Is a data revolution under way, and if so, who will benefit?

Ricardo Fuentes-Nieva (@rivefuentes)

A spectre is haunting the hallways of the international bureaucracy and national statistical offices – the spectre of the data revolution.  Now, that might suggest a contradiction in terms or the butt of a joke – it’s hard to imagine a platoon of bespectacled statisticians with laptops and GIS devices toppling governments. But something important is indeed happening –let me try and convince you.

A new research report by ODI, “Data Revolution – Finding The Missing Million”, (launched yesterday in Cartagena during a Data Festival) tries to make sense of the coming data revolution and what it means for international development. According to the authors: The data revolution is “an explosion in the volume of data, the speed with which data are produced, the number of producers of data, the dissemination of data, and the range of things on which there are data, coming from new technologies such as mobile phones and the internet of things and from other sources, such as qualitative data, citizen-generated data and perceptions data.

For the numerically minded (I proudly include myself in this group) this is a rather welcome transformation. Data, data everywhere – but then why haven’t we, number geeks, solved all of the world’s problems yet?

This is where things get interesting in the report. There are two (for simplicity) main sources of statistics: official and alternative. They both present advantages and particular challenges.

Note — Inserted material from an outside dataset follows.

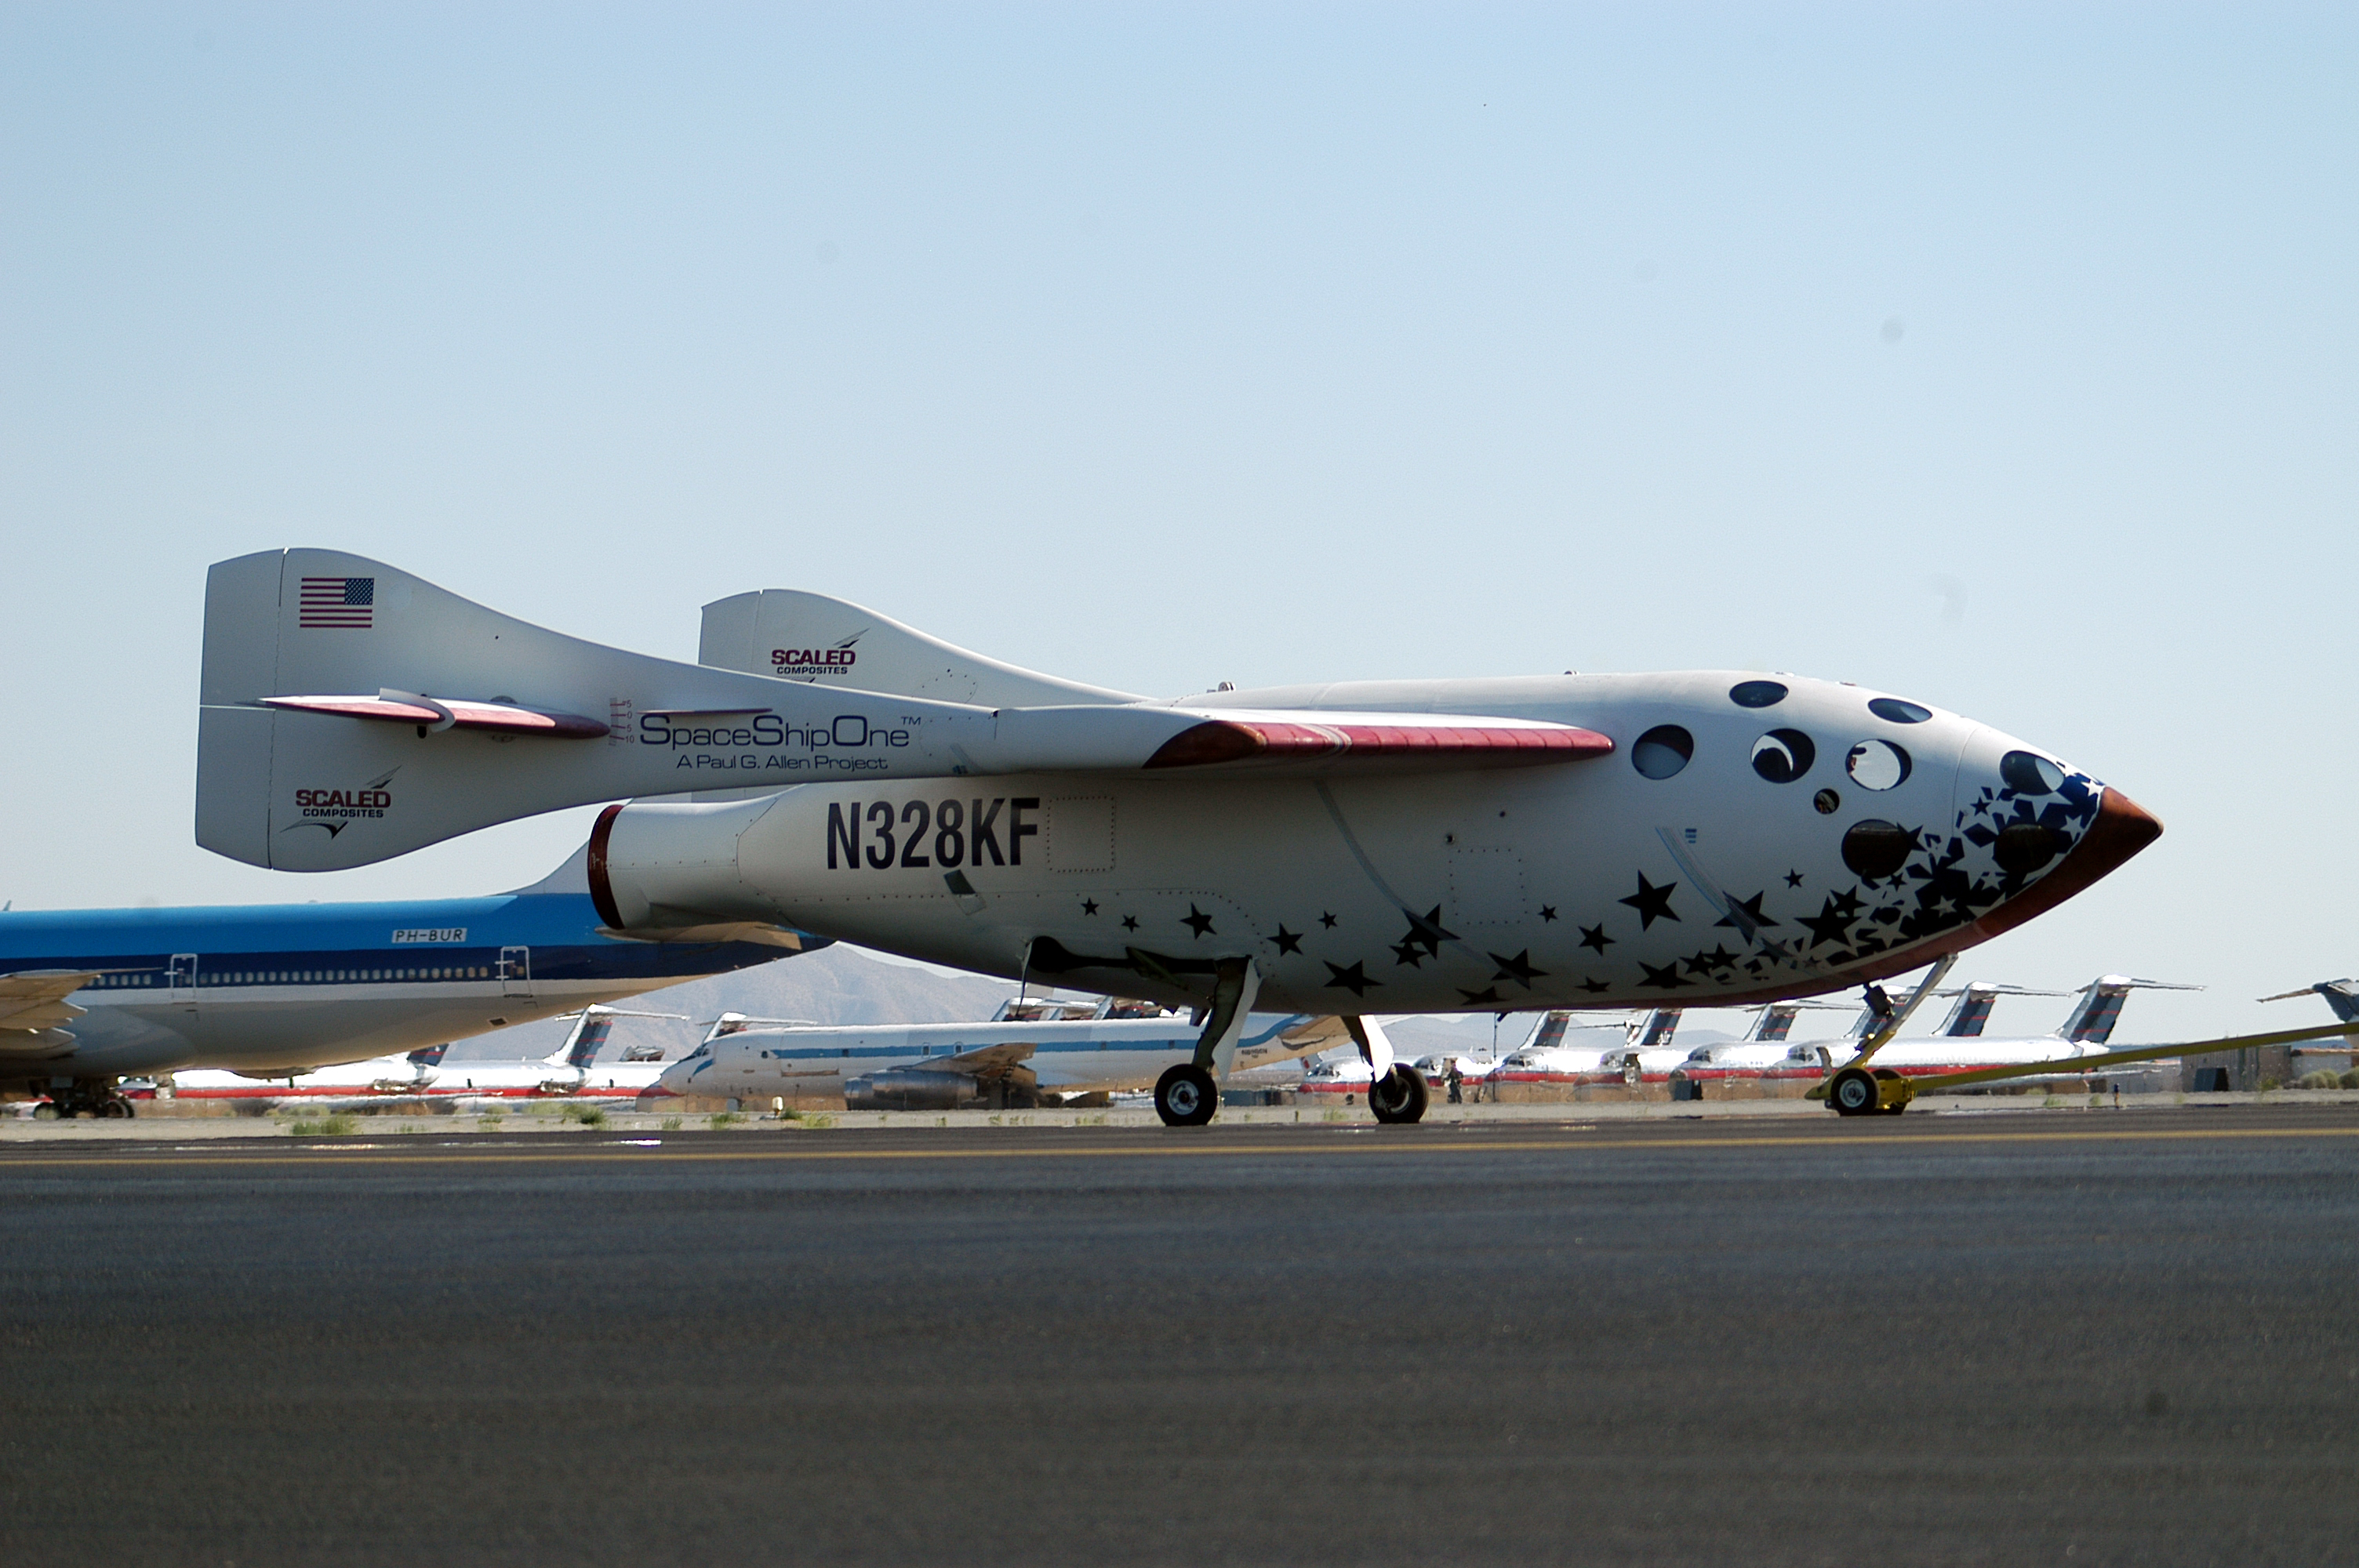 SpaceShipOne was Earth's first privately funded manned spacecraft.

Official development statistics are, for instance, rather expensive, infrequent and often miss the extremes of the distribution. The report indicates that, globally, as many as 350 million people are not covered by official household surveys – most of them either very rich or very poor.

This gap creates massive problems for the most basic of global statistics. Take global income poverty, for instance. According to Laurence Chandy from the Brookings Institution, the ‘fact’ that 25% of the people living in extreme poverty ($1.25 a day) are in sub-Saharan Africa – some 414 million people – is derived by extrapolating from household surveys dating from 2005 or earlier.

There are a lot of expectations about the potential of alternative sources, such as mobile phone generated data, but they are not without difficulties. The databases generated from these alternative sources are messy, often lack methodological consistency and require a lot of pruning and computing power to make basic sense of them.

But revolutions are supposed to be messy. One of the main challenges, the report argues, is the fight for space between official statistics and these alternative sources. This is, in a way, to be expected, as technological advances change the control of who generates statistics and how they’re used. There is some news that indicates that in Tanzania, for instance, the use of non-official statistics could even be criminalized.

In short, the data revolution does have a political economy element. And its success will depend on whether official statisticians see the benefit of working together with outside data scientists to learn more about the condition of a given country.

What are the opportunities to make use of these changes for the benefit of the poorest? There are two that I identify: how to use the increased availability of data for accountability and how to close the digital divide.

It won’t be easy though. There is hope that more information will automatically make governments at all levels more accountable but this seems naive. The report quotes Rakesh Rajani, formerly at Twaweza, an East African organization focusing on citizen accountability:  “There are problems of power and agency – they are the largest challenges for use of data-feedback. Just having new data or ways of analysing doesn’t trump those constraints. If the government was non-responsive before, technology and data won’t solve the problem or suddenly turn it into more responsive. Data doesn’t assure you that voice will count

Similarly, on the digital divide, the problem will not go away solely by improving data collection. The authors give an example in New Zealand relating to the Maori population: “Many Maori do not perceive themselves has having benefitted much from the data collection and use of data. They perceive a real and immediate risk of greater data availability being used for ethnic profiling to their detriment

All this suggests that data availability and measurement innovation will not be enough. There is a need for more data-driven active citizenship – or citizen engagement that makes use of all this new information to promote inclusive policies and projects and ensure effective and appropriate use of resources. The report provides several examples of where this is happening already: Citizen-led poverty lines in Asia (much higher than the accepted $1.25 a day); Dwelling surveys used to negotiate resettlements in Mumbai; Community organizations questioning the Ugandan government about the failure to meet commitments on health expenditure and increase health allocation, among others.

The report contains a lot more information and it’s hard to do justice to it on a blog (measuring poverty using roof materials as proxy, collected by satellite data? check; the rise of the Silicon Savannah in Kenya? check). It has a series of recommendations that seem obvious given the problems described – I found some of them, particularly the quick fixes, lacking in imagination. But overall the report is a very welcome piece – an easy, rather enjoyable read despite the seemingly esoteric topic.

So does this constitute a revolution or am I getting nerdily over-excited? I think new sources and, more importantly, effective use of this avalanche of data will turn many aspects of conventional government upside down, with huge potential to transform power and politics – if not ‘revolution’, what else would you call it?’